Genetic anthropology is an emerging discipline that combines DNA and physical evidence to reveal the history of ancient human migration. It seeks to answer the questions, "Where did we come from, and how did we get here?"

DNA studies indicate that all modern humans share a common female ancestor who lived in Africa about 140,000 years ago, and all men share a common male ancestor who lived in Africa about 60,000 years ago. These were not the only humans who lived in these eras, and the human genome still contains many genetic traits of their contemporaries. Humanity's most recent common ancestors are identifiable because their lineages have survived by chance in the special pieces of DNA that are passed down the gender lines nearly unaltered from one generation to the next. These ancestors are part of a growing body of fossil and DNA evidence indicating that modern humans arose in sub-Saharan Africa and began migrating, starting about 65,000 years ago, to populate first southern Asia, China, Java, and later Europe. Each of us living today has DNA that contains the story of our ancient ancestors' journeys.

The Story of Human Migration Also is Told in the DNA of Parasites and Pets.
Recent studies of bacteria called Streptococcus mutans, which cause tooth decay, reveal that distinct lineages of the bacteria exist in different geographic regions of the world. The geographical distribution of these lineages reflects the pattern of human migration from the ancestral homeland in Africa. S. mutans is transmitted almost entirely from human mother to child during birth, resulting in the preservation of its lineages over thousands of years. S. mutans is only one of many types of human parasites whose DNA lineages follow the pattern of human migration.

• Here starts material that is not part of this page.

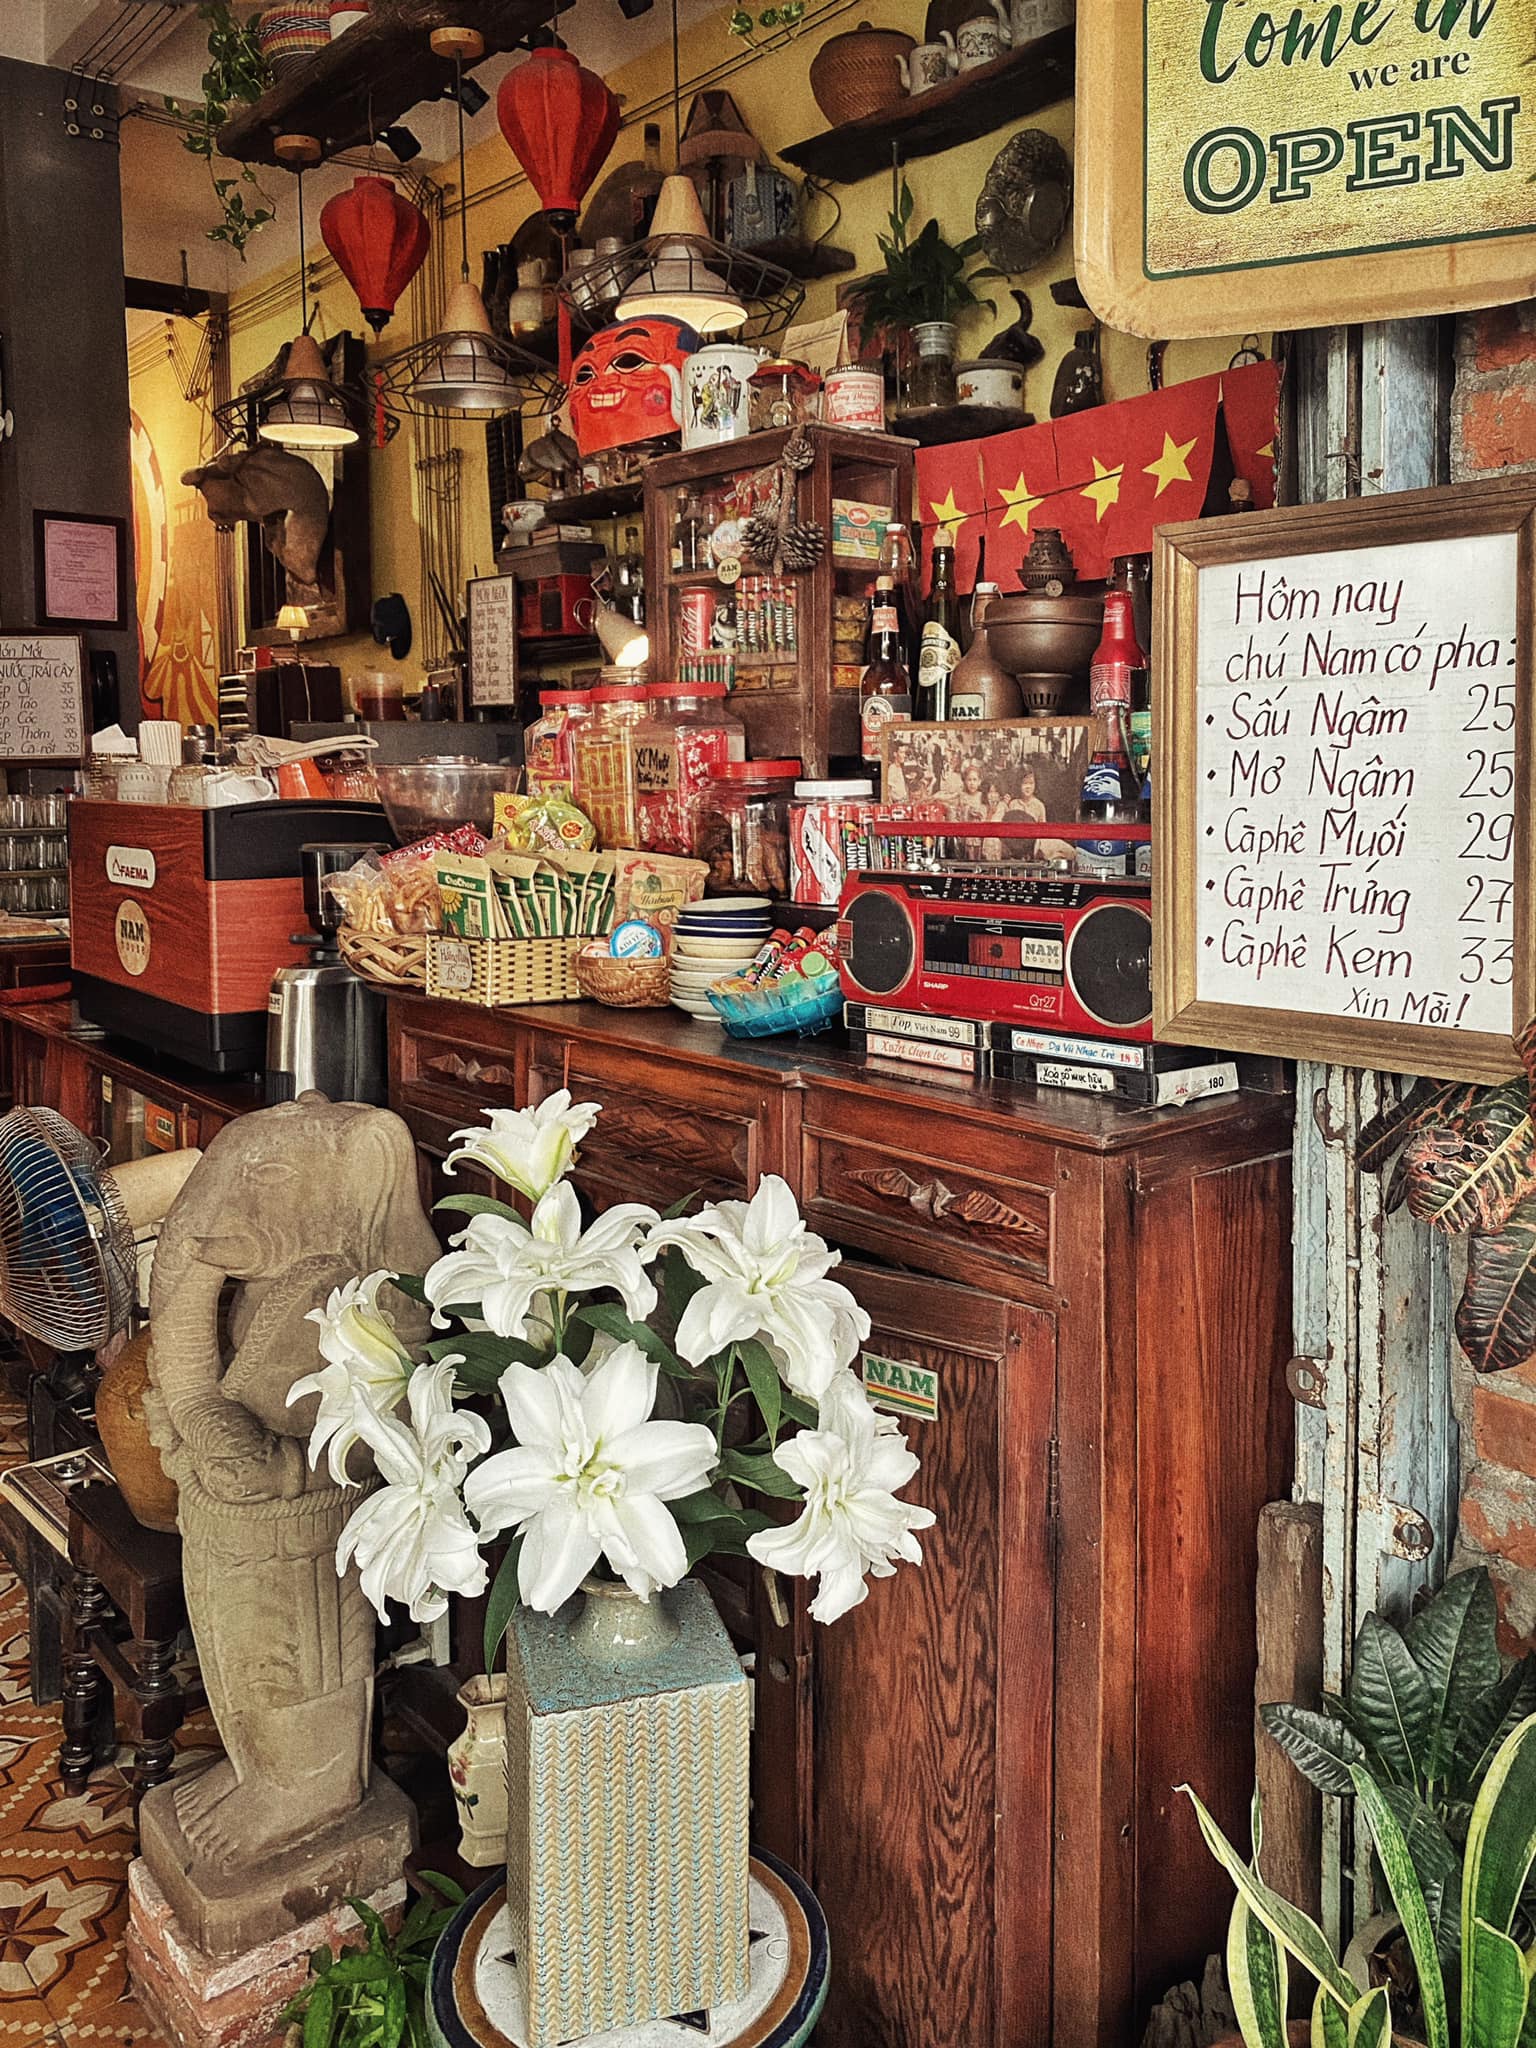 Đà Nẵng luôn là điểm đến hoàn hảo cho những ai yêu thích cà phê. Hãy trải nghiệm không gian đặc biệt với những quán cafe sáng tạo tại thành phố này. Hình ảnh sẽ giúp bạn tìm kiếm được quán cafe ưng ý nhất.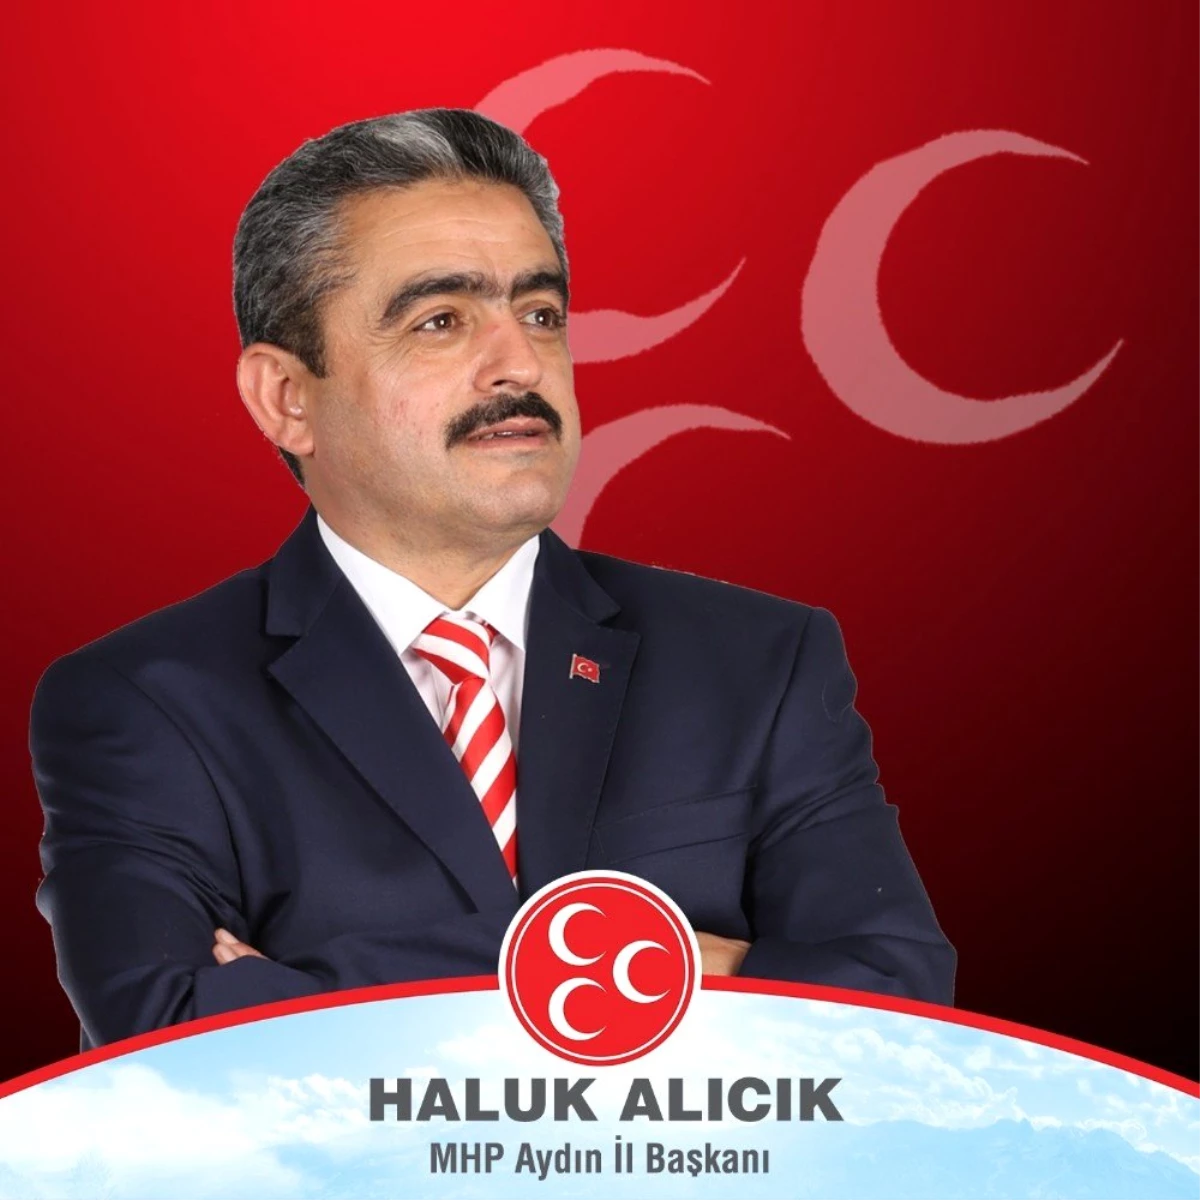 MHP İl Başkanı Alıcık, "Her yeni gün ve her yeni yıl yeni bir fırsattır"

The correlation with human migration is present but less distinct for pets. Studies of domestic cats’ mtDNA reveal that they share a most-recent common ancestor who lived in the Middle East about 70,000 to 100,000 years ago. Wild cats, motivated by the desire to get mice and other food from humanity’s first farmers, seem to have domesticated themselves about 10,000 to 12,000 years ago. Genetic markers in house cats’ mtDNA reveal that the cats followed the same migratory patterns as early human farmers.

How do genes tell the story of our ancient ancestors' migrations?

When DNA is passed from one generation to the next, most of it is mixed by the processes that make each person unique from his or her parents. Some special pieces of DNA, however, remain virtually unaltered as they pass from parent to child. One of these pieces is carried by the Y chromosome, which is passed only from father to son. Another piece, mitochondrial DNA (mtDNA), is passed (with few exceptions) only from mother to child. Since the DNA in the Y chromosome does not mix with other DNA, it is like a genetic surname that allows men to trace their paternal lineages. Similarly, mtDNA allows both men and women to trace their maternal lineages.

Both the Y chromosome DNA and mtDNA are subject to occasional harmless mutations that become inheritable genetic markers. After several generations, a particular genetic marker is carried by almost all male and female inhabitants of the region in which it arose. When people leave that region, they carry the marker with them. By studying the genes of many different indigenous populations, scientists can trace when and where a particular marker arose. Each marker contained in a person’s DNA represents a location and migration pattern of that person’s ancient ancestors.

For example, roughly 70% of English men, 95% of Spanish men, and 95% of Irish men have a distinctive Y-chromosome mutation known as M173. The distribution of people with this mutation, in conjunction with other DNA analyses, indicates that the men's ancestors moved north out of Spain into England and Ireland at the end of the last ice age.

Are Neanderthals part of modern human ancestry?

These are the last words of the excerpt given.